Disk Storage

Primary file organization: how files are physically stored on disk; where the read/write head has to go to read the file. You want to mess with this as little as possible! Find your data a good home and leave it there. There’s only one way to do this per file: you will store/arrange your records by one particular field (ID, SSN, LName, etc.)

Secondary file organization: auxiliary means of accessing data; indices! You can do all of these you want! Index by City, index by SSN… you basically list the records and their physical locations in order of whatever field suits your needs.

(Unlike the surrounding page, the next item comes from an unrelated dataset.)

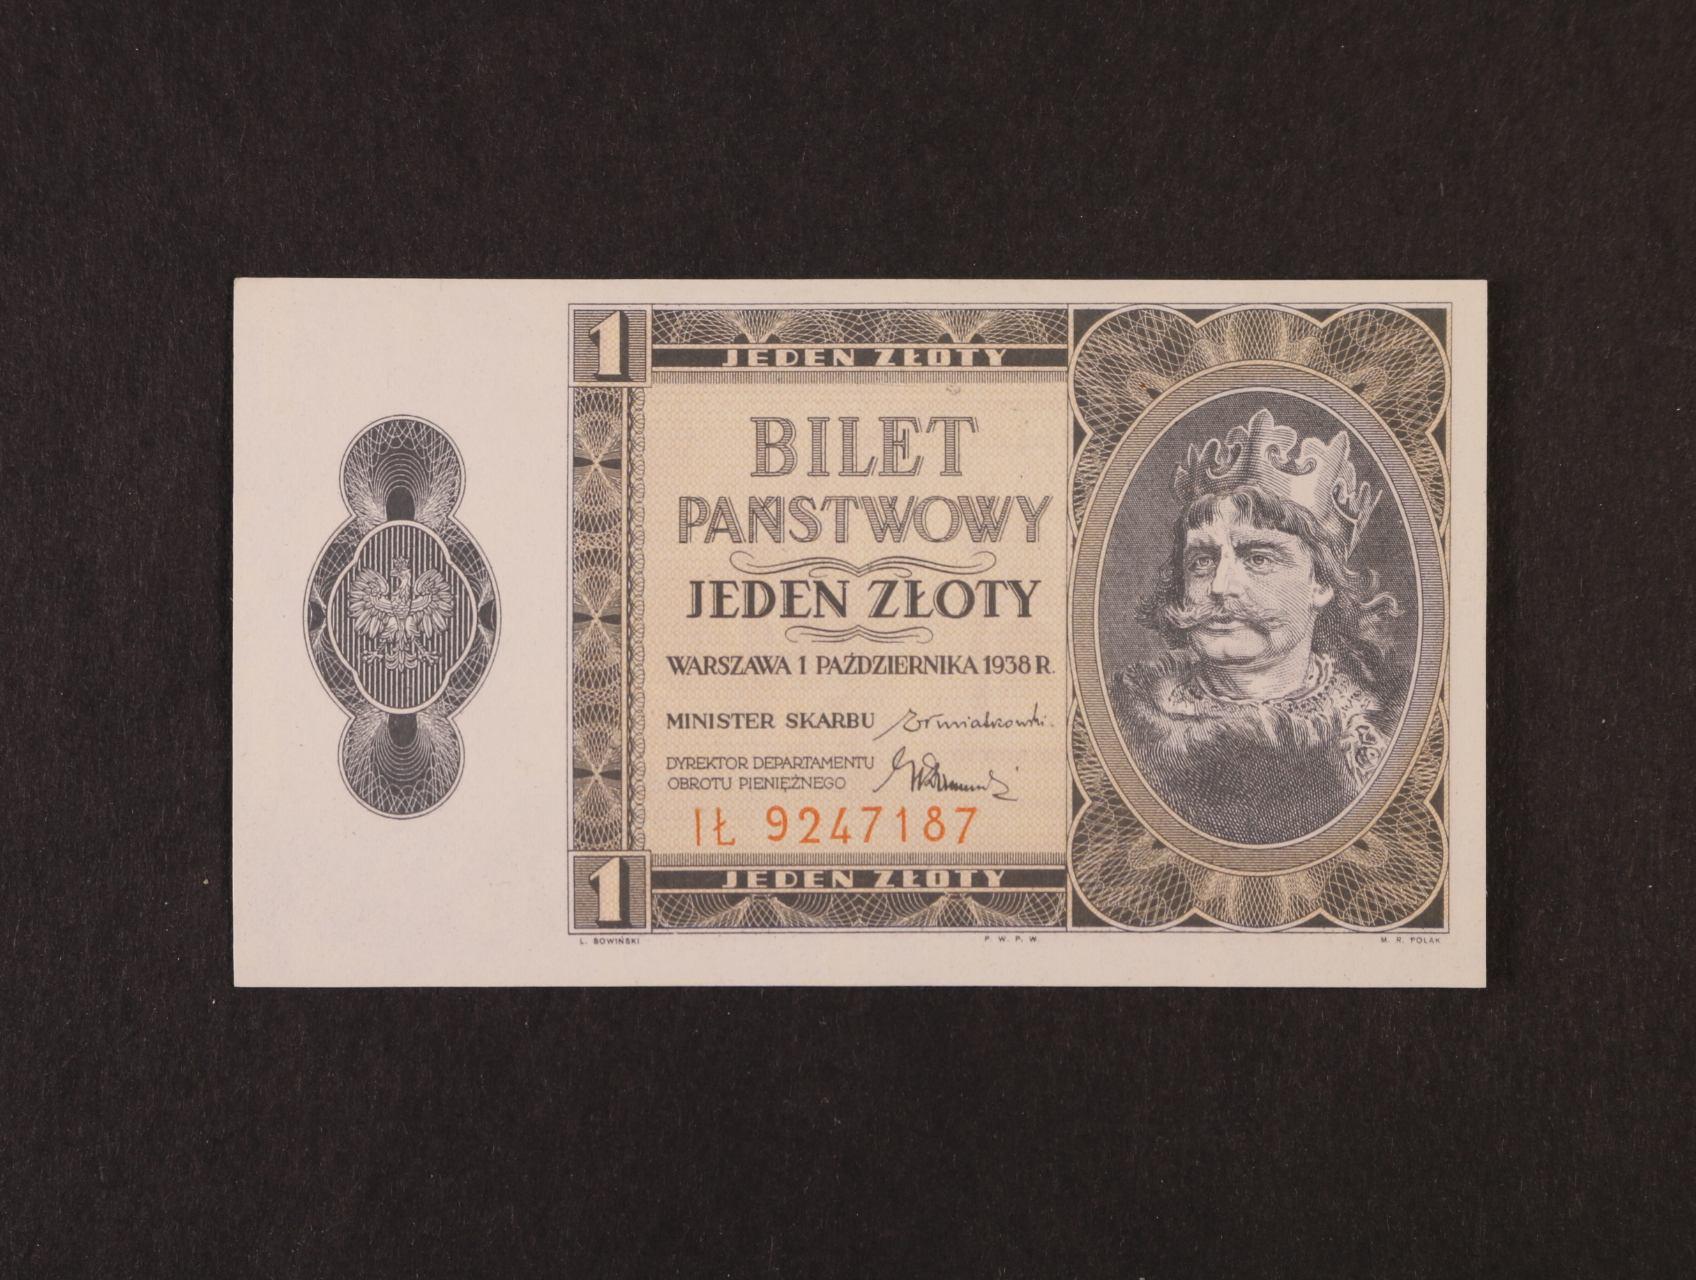 1 Zloty 1.10.1938 série IL, platná na ČS území, Pi. 50, Ba. PL1b
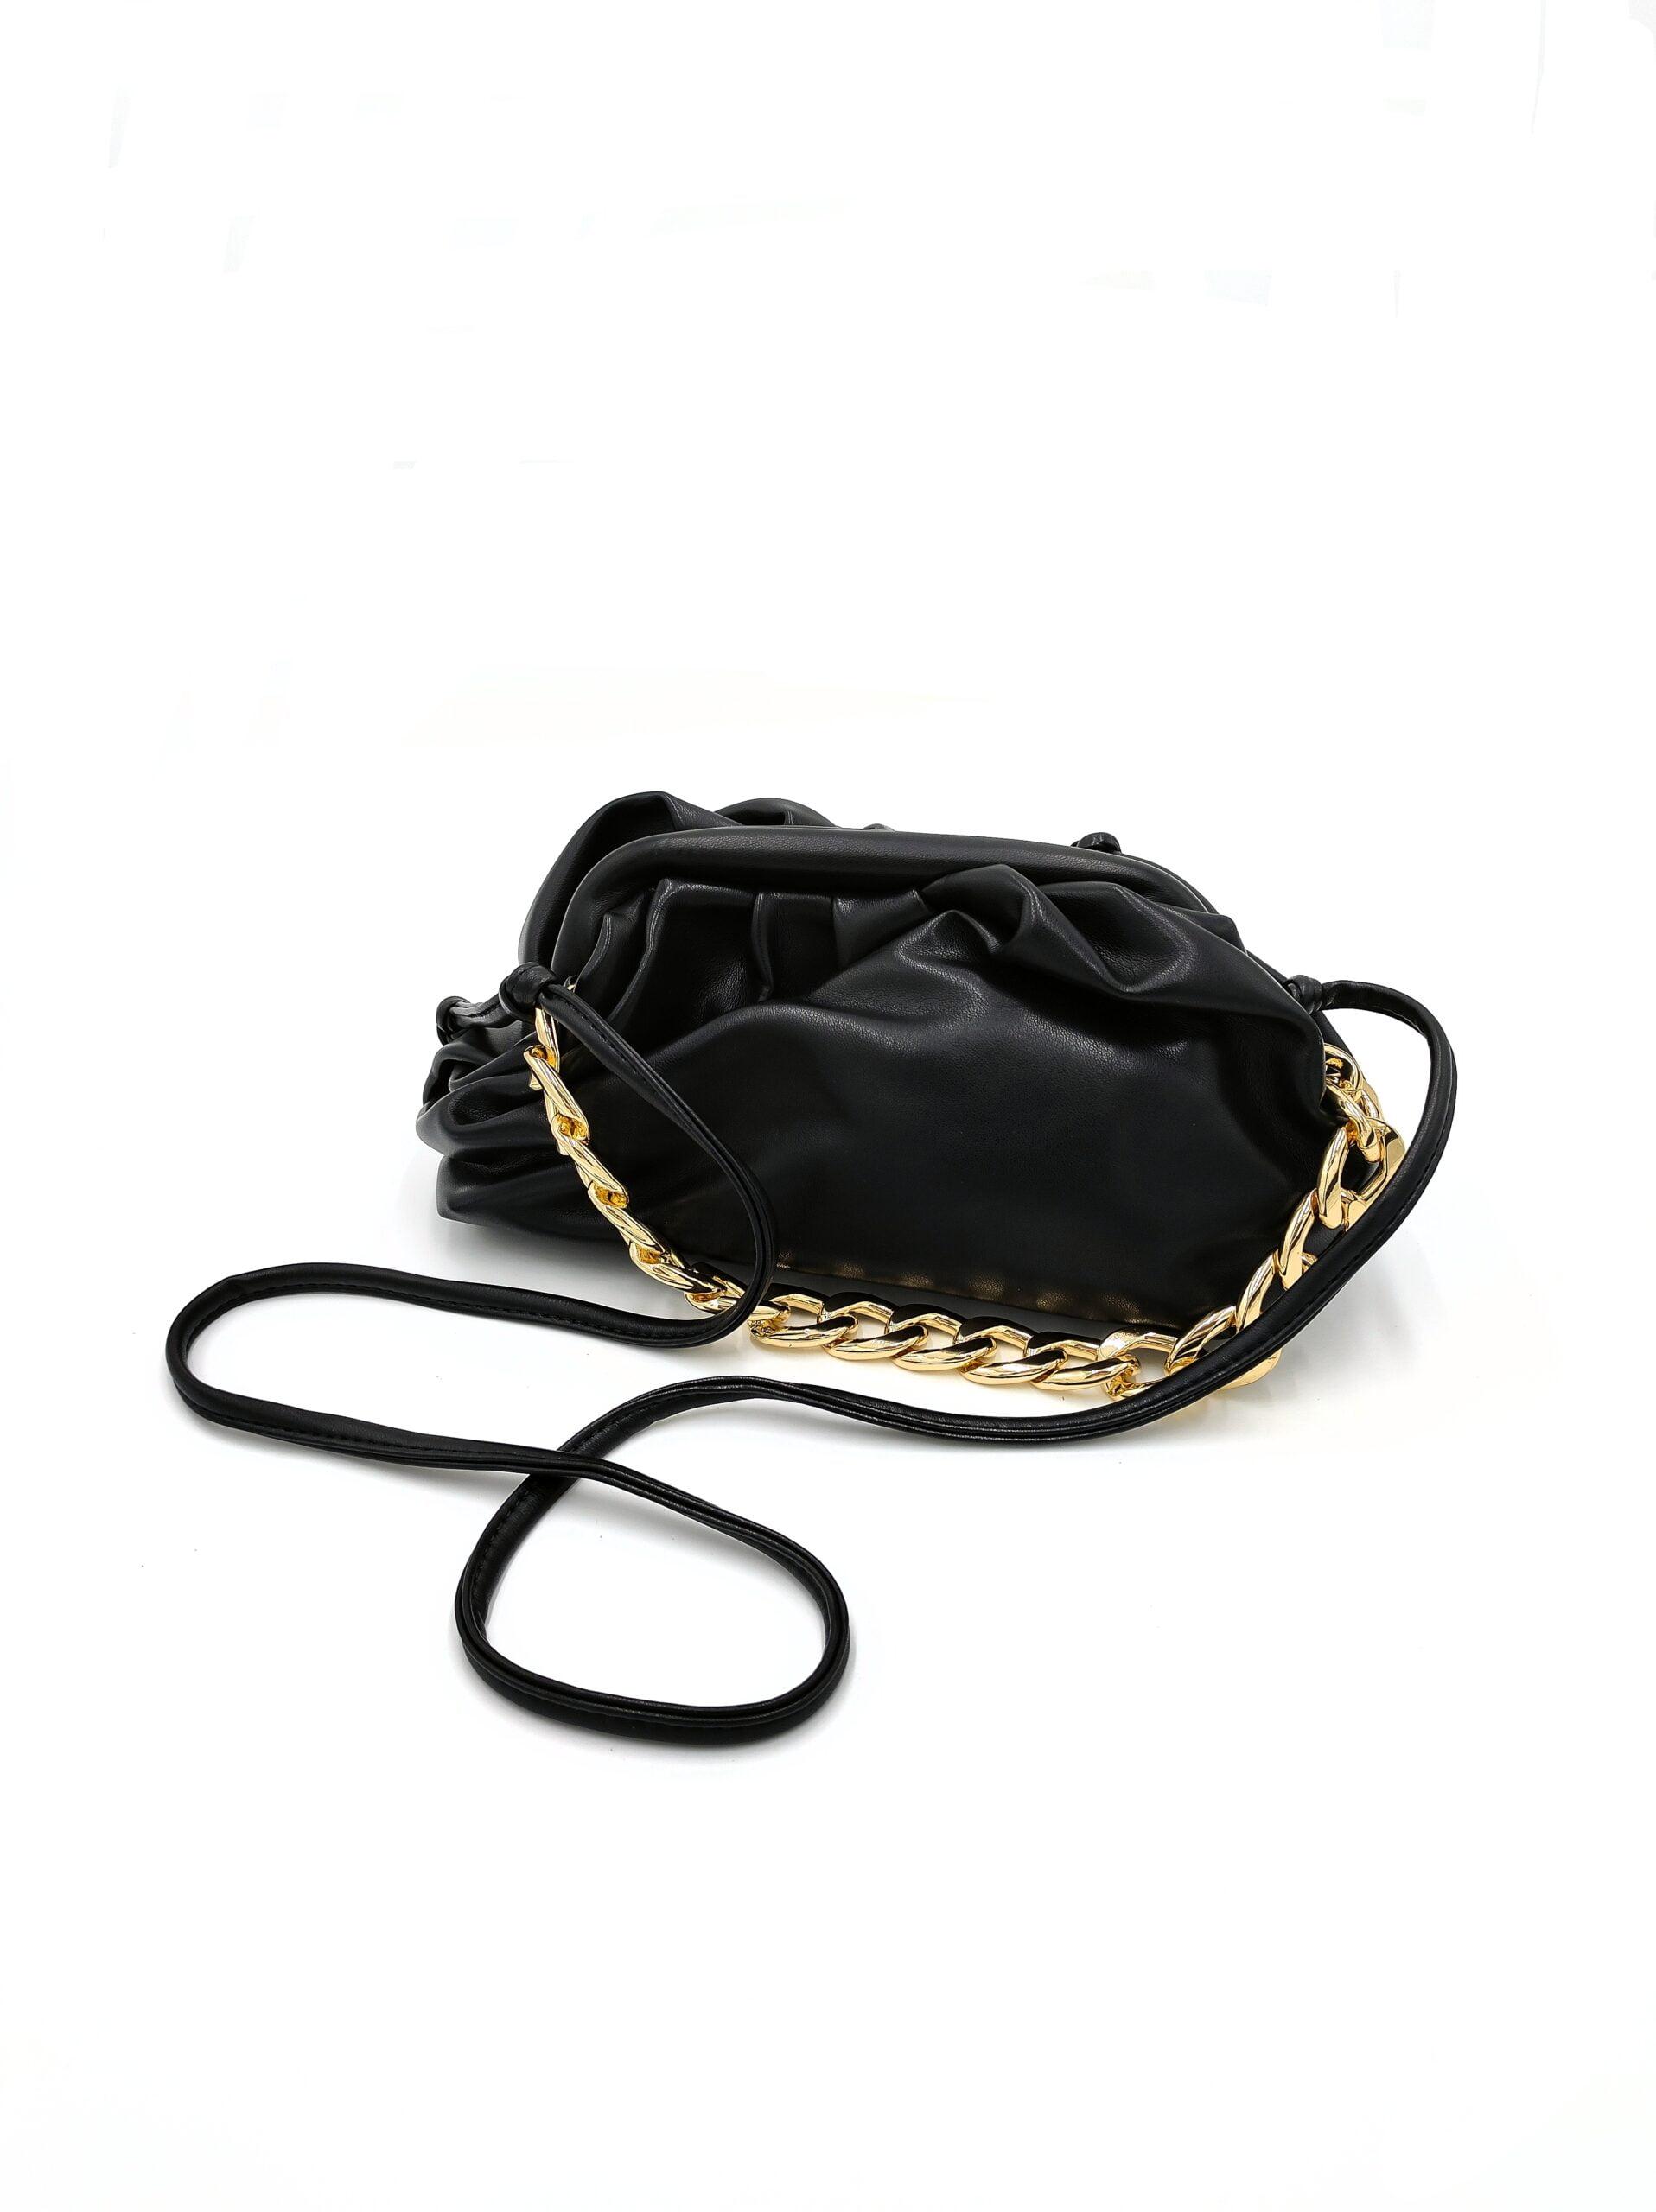 Τσάντα με Χρυσή Αλυσίδα

Primary file organization (Chapter 13!)

Things to remember when working with disks :

  1. Disks offer random access, read by block (LBA: Logical Block Address — usu. starts at 0, goes to n-1, where n = # blocks on disk)
  2. We still use tape backup because tape is the cheapest storage per bit!
  3. reading by bits or records is inefficient! We read by blocks!
  4. seek time: time to move head to block
  5. latency (a.k.a. rotation delay): time to spin disk to right positiontion under head
  6. block transfer time: time to move block from disk to head to memory (or back, for write) — usually takes the most time
  7. placing blocks contiguously reduces seek time and latency, but that’s beyond scope of this course, so we will concentrate on reducing the number of block reads and writes
  8. Double buffering allows us to read Block 1, let CPU start beating on it while we load Block 2 into the other buffer. Then the moment CPU gets done beating on #1, it turns to the other buffer and beats on #2, no waiting! This speeds up the total process by allowing processing to happen simultaneously with some data transfer
  9. Non-spanning: records can’t be broken up across blocks. This wastes some block space
  10. Blocking factor: how many records we can fit per block
  11. Fixed-length records waste space, but they are much more efficient to process and are what we will usually use.
  12. Read takes one block transfer; write usually requires two transfers, unless we luck out and the block we want is sitting in memory. Systems may allow pegging: we designate certain blocks as worth keeping around in the buffer.
  13. Choose your primary file organization to make most efficient the operations most important to you (search, insert, update, delete)
    1. Heap: unordered! INSERT by APPEND, records ordered by time created.
      1. Inserting takes 1-2 block reads (find last block, see if there’s room, write here or create new block to write).
      2. Searching is a pain, requires b/2 block reads on average; requires reading all b blocks on search of non-existent file.
      3. DELETE: must first search (avg. b/2). Then must decide what to do with the empty space! Instead of physically deleting the record and either Swiss-cheesing the disk or having to haul records in to backfill, you can just flag the record with a deletion bit. Odds are we’ll use downtime to compress the disk to fill the holes (garbage collection).
    2. Physical sort: ordered on some oft-used field (like EmpID, SSN, ZIP…)
      1. INSERT: pain! You’ve got to move everyone over to make room for new records… or you create overflow file in heap, deal with searching the whole overflow until we have time to do garbage collection during downtime.
      2. search: easier on the sort field (so you use this method when you do a lot of searches on that particular field)
      3. DELETE: again, sped up. Leave flag on DELETEd record. Note that DELETE could allow us to stick in INSERTs if there’s room… but making the computer consider that possibility usually eats more time than just sending every INSERT to the overflow.
      4. Note that physical sort allows binary search! Go to the middle, check whether we need to go below or above, keep halving until we hit target! Binary search will take average log2(b) block reads.
  14. Hashing: way of mapping things on disk, reducing the range of numbers; mod of primary key often used;  good academic topic that we’re not spending a lot of time on!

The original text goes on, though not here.